数据排序
1,全局排序(order by):类似于标准SQL,只使用一个Reducer执行全局数据排序;速度慢,应提前做好数据过滤 ;支持使用case when或表达式;支持按位置编号排序
desc升序,asc降序,不写desc和asc情况下,就是默认asc降序排列
select * from t_window order by cost;
2,每个reduce内部排序(sort by):对于大规模的数据集 order by 的效率非常低。在很多情况下,并不需要全局排序,此时可以使用 sort by。
//设置reduce个数为3个,当个数设置为1的时候,等于全局排序order by
set mapreduce.job.reduces=3;
//查看设置reduce个数
set mapreduce.job.reduces;
3,分区排序(distribute by):在有些情况下,我们需要控制某个特定行应该到哪个 reducer,通常是为了进行后续的聚集操作。
注:distribute by 的分区规则是根据分区字段的 hash 码与 reduce 的个数进行模除后,余数相同的分到一个区。
Hive 要求 DISTRIBUTE BY 语句要写在 SORT BY 语句之前
//设置reduce个数
set mapreduce.job.reduces=3;
//先按日期分区,再按金额降序
select * from t_window distribute by orderdate sort by cost desc;
4,簇排序(cluster by):当 distribute by 和 sorts by 字段相同时,可以使用 cluster by 方式。
cluster by 除了具有 distribute by 的功能外还兼具 sort by 的功能。但是排序只能是升序排序,不能指定排序规则为 asc 或者 desc。

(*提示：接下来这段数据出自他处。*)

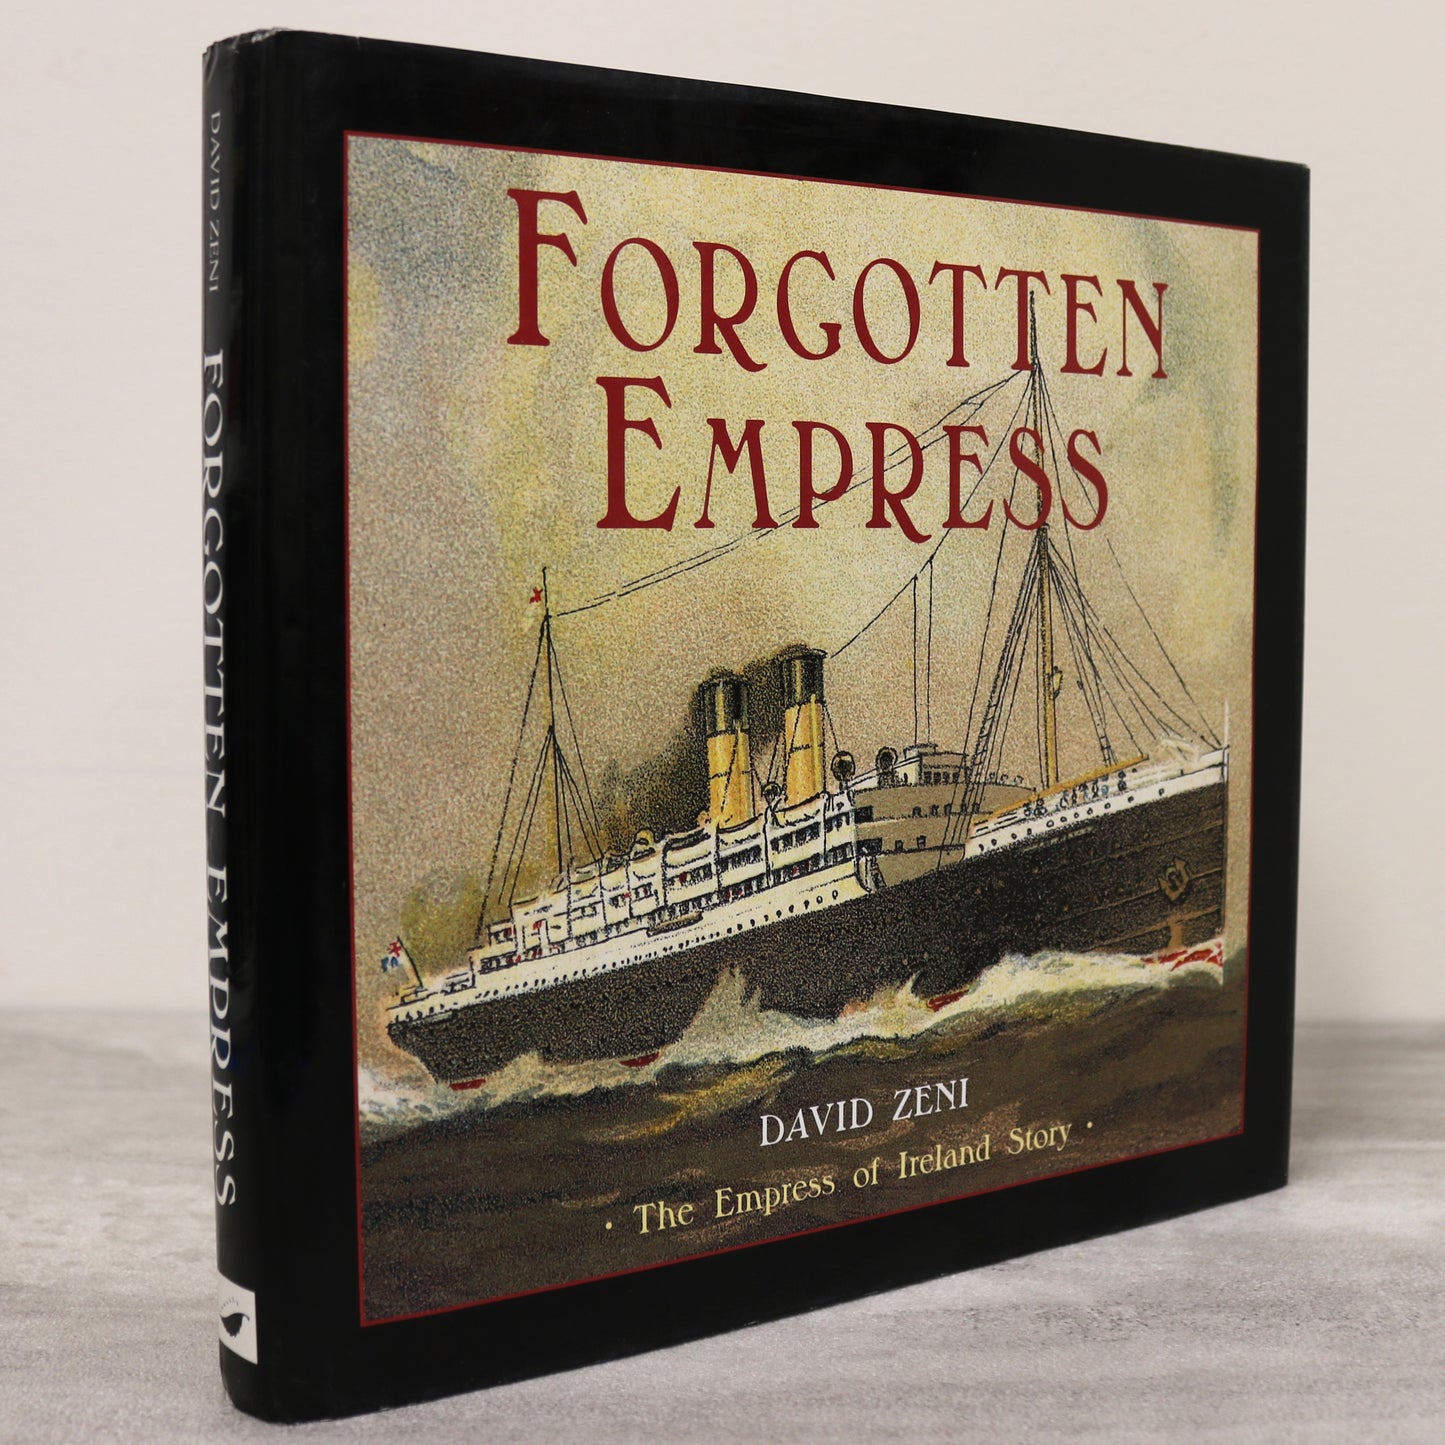 Forgotten RMS Empress of Ireland Steamship Steamboat Liner History Used Book

cluster by = distribute by +sort by
select * from t_window cluster by cost
select * from t_window distribute by orderdate sort by cost desc;
窗口函数
窗口函数简单的说就是在执行聚合函数的时候指定一个操作窗口,这个窗口由over来进行控制。接下来重点介绍一下over()函数。
over():指定分析函数工作的数据窗口大小,这个大小可能会随着行的变化而变化。
基本语法如下:<分析函数> over ( partition by <分组> order by <排序> desc/asc rows between 开始行 and 结束行 )
preceding:往前;following: 往后;current row:当前行;
unbounded :起点(一般结合preceding,following使用);
unbounded preceding: 表示该窗口最前面的行(起点);
unbounded following:该窗口最后面的行(终点)
rows between unbounded preceding and current row --(表示从窗口起点到当前行)
rows between unbounded preceding and unbounded following--(表示从窗口起点到终点)
rows between 2 preceding and 1 following --(表示往前2行到往后1行)
rows between 2 preceding and 1 current row --(表示往前两行到当前行)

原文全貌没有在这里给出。